従来、この種の金属焼結体の製造方法は、粉末状の金属材料に樹脂やワックスなどの流動性を持たせるバインダ(結合材)を添加し、加熱・混練して可塑性を持たせ、プラスチックと同様に射出成形し、その後、バインダを除去(脱脂)し、焼結して所望の金属焼結体を得ている。また、MIM法を用いてセラミックスを製造する方法も知られている。このセラミックスを製造する際には、必要に応じて、ホウ素,ベリリウム,炭素,酸化イットリウム,酸化セリウム,酸化マグネシウム,酸化リチウム等の焼結助剤を添加し、緻密化を図ることも行われている(例えば、特開平4−83752号公報参照)。
【先行技術文献】
【特許文献】
【0003】
【特許文献1】特開平4−83752号公報
【発明の概要】
【発明が解決しようとする課題】
【0004】
ところで、上記従来の金属焼結体の製造方法において、得られる金属焼結体の品質向上、例えば、高硬度化,高剛性化,高耐摩耗性,高寸法安定性を図ることの要求がある。このため、金属焼結体においても、セラミックスと同様に、ホウ素,ベリリウム,炭素,酸化イットリウム,酸化セリウム,酸化マグネシウム,酸化リチウム等の焼結助剤を添加することが検討される。しかしながら、単にこれらの焼結助剤を金属材料に適用しても、必ずしも、良好な品質向上を得ることは困難であった。
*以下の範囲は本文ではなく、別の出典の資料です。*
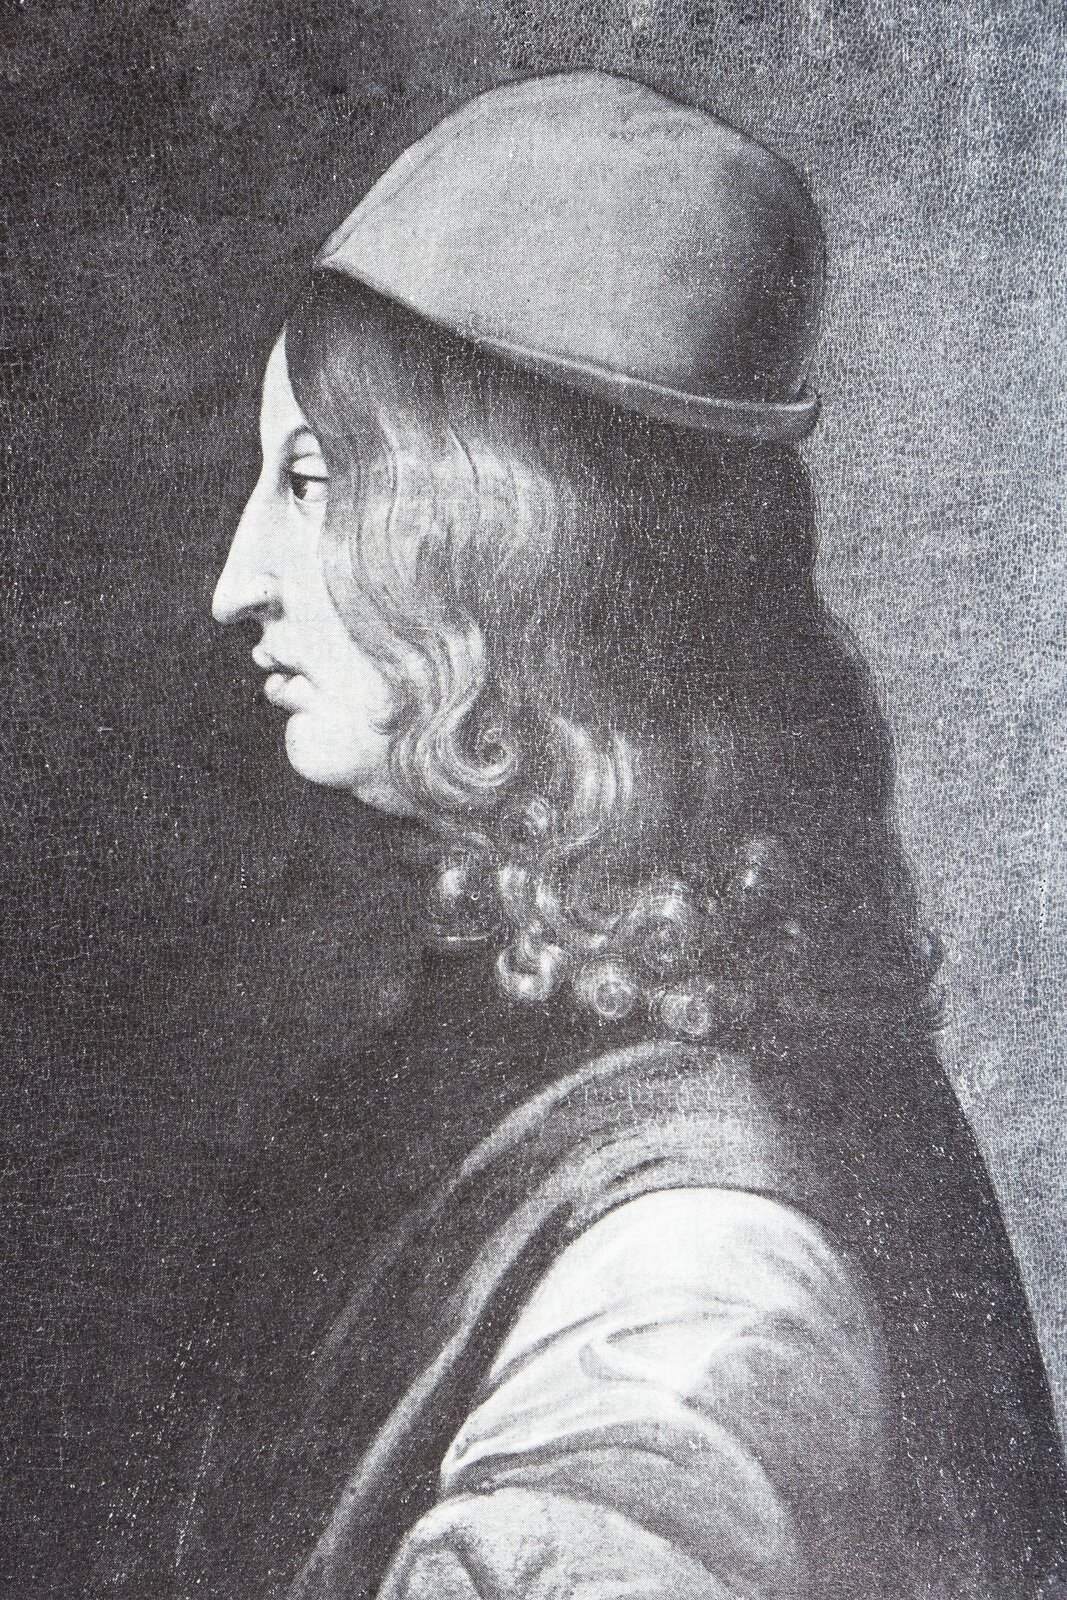 Czarno-biały portret nieznanego autora przedstawia wizerunek filozofa Gianfrancesco Pico della Mirandoli – młodego mężczyzny o długich jasnych włosach. Portret został wykonany z profilu. Na głowie ma czapkę.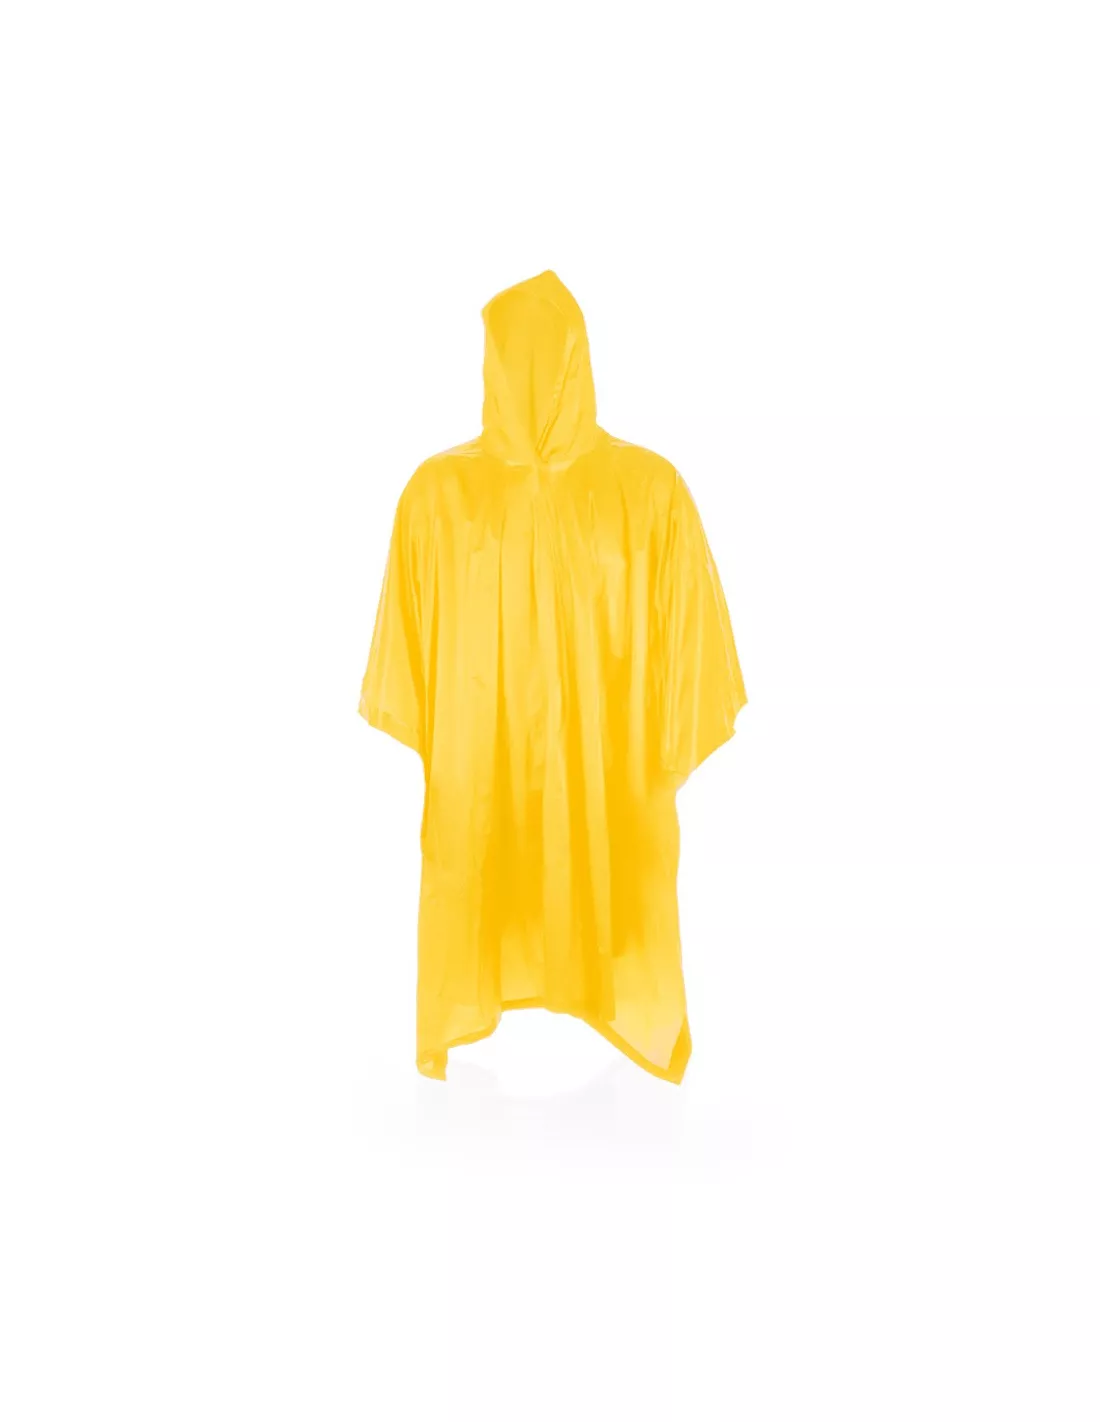 Chubasquero para mujer y hombre, traje de lluvia impermeable, poncho de  lluvia, productos para el hogar (color negro, tamaño: talla única)

本発明は上記の問題点に鑑みて為されたもので、高硬度化,高剛性化,高耐摩耗性,高寸法安定性等の品質向上を確実に達成できるようにした金属焼結体の製造方法及び金属焼結体を提供することを目的とする。
【課題を解決するための手段】
【0005】
本願発明者らは、この点について鋭意研究し、酸化マグネシウムのうち、特に、粒径の極めて小さい微粒子の所謂ナノ酸化マグネシウムに着目し、このナノ酸化マグネシウムの添加が、極めて有用であることを見出し、本発明を完成するに至った。
即ち、上記の目的を達成するため本発明の金属焼結体の製造方法は、粉末状の金属材料とバインダとを混合して混合物を得る混合工程と、混合工程で得られた混合物を金属射出成形機において所要の形状の成形体に成形する射出成形工程と、射出成形工程で得られた成形体の脱脂処理を行う脱脂工程と、脱脂工程によって脱脂処理された成形体を焼結して金属焼結体を得る焼結工程とを備えた金属焼結体の製造方法において、
上記混合工程において、金属材料及びバインダに、平均粒径φwが、φw=10nm〜300nm、最大粒径φmが、φm≦350nmの酸化マグネシウム粉末を、0.1〜10重量%混合する構成としている。
好ましくは、φw=25nm〜250nm、φm≦300nm、より好ましくは、φw=40nm〜210nm、φm≦260nmである。
酸化マグネシウム(MgO)は、融点2800℃、沸点3600℃、密度3.65g/cm3 であり、白色または灰色で水に難溶の固体である。また、酸化マグネシウムは、耐熱性,耐食性に優れ、絶縁性が高く、熱伝導性も高い。
より詳しくは、本発明においては、上記金属材料は、ステンレス鋼(SUS)からなり、上記混合工程において、用いる金属材料の粉末は、平均粒径φxが、φx=2μm〜60μm、最大粒径φyが、φy≦120μmのものを用いた。
そして、上記混合工程において、金属材料及びバインダに、平均粒径φwが、φw=200nm、最大粒径φmが、φm≦250nm、純度が99.98質量%以上であり、一次粒子が単結晶である、酸化マグネシウム粉末を、0.1〜10重量%混合する構成としている。
【0006】
また、金属材料は、70〜98重量%、バインダは、1〜25重量%の範囲に設定される。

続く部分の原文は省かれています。